++++ Data for analysis
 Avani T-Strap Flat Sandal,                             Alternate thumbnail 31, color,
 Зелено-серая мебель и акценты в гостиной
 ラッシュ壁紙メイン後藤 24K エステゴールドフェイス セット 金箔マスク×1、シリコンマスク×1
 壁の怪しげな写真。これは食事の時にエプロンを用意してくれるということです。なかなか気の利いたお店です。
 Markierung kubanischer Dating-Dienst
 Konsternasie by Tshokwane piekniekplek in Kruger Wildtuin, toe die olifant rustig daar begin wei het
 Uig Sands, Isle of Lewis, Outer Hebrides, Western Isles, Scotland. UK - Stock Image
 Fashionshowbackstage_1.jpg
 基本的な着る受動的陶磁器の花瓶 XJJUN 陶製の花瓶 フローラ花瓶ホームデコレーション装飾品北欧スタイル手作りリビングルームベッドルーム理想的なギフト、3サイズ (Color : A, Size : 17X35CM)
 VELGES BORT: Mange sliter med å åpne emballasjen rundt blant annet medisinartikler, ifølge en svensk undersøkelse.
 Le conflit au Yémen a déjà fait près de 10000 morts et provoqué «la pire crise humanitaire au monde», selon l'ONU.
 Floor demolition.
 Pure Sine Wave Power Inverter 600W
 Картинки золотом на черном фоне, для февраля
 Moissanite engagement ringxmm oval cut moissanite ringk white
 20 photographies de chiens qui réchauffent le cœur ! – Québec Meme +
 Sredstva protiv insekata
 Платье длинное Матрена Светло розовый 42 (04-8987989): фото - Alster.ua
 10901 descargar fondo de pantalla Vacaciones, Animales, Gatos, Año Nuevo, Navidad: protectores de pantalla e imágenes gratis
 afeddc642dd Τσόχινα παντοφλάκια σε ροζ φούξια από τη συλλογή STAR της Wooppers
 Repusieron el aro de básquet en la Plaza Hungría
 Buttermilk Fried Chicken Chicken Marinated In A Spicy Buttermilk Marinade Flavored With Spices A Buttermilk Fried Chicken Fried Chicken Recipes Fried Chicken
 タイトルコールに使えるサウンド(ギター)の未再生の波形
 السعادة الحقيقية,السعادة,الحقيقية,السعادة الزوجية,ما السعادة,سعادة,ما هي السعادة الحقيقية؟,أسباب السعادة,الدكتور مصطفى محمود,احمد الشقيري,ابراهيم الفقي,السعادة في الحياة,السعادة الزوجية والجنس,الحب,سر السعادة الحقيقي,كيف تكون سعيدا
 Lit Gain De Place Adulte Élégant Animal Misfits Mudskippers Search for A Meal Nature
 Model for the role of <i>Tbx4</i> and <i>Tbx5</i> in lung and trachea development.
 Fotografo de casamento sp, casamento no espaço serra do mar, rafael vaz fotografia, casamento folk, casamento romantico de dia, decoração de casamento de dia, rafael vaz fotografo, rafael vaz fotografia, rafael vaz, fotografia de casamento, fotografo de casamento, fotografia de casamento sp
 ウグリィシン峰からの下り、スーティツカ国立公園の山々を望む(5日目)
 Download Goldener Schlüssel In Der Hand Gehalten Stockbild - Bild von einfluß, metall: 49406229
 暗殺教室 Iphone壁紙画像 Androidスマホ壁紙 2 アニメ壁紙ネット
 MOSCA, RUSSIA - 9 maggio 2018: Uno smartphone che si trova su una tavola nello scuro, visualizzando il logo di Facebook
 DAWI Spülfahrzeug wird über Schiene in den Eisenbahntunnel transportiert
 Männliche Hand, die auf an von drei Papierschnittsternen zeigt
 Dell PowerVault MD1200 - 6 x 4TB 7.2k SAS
++++++++
An exact copy is needed of the closing lines of the entries above, counting from the one that contains "暗殺教室 Iphone壁紙画像 Androidスマホ壁紙 2 アニメ壁紙ネット" and including it and the last.

 暗殺教室 Iphone壁紙画像 Androidスマホ壁紙 2 アニメ壁紙ネット
 MOSCA, RUSSIA - 9 maggio 2018: Uno smartphone che si trova su una tavola nello scuro, visualizzando il logo di Facebook
 DAWI Spülfahrzeug wird über Schiene in den Eisenbahntunnel transportiert
 Männliche Hand, die auf an von drei Papierschnittsternen zeigt
 Dell PowerVault MD1200 - 6 x 4TB 7.2k SAS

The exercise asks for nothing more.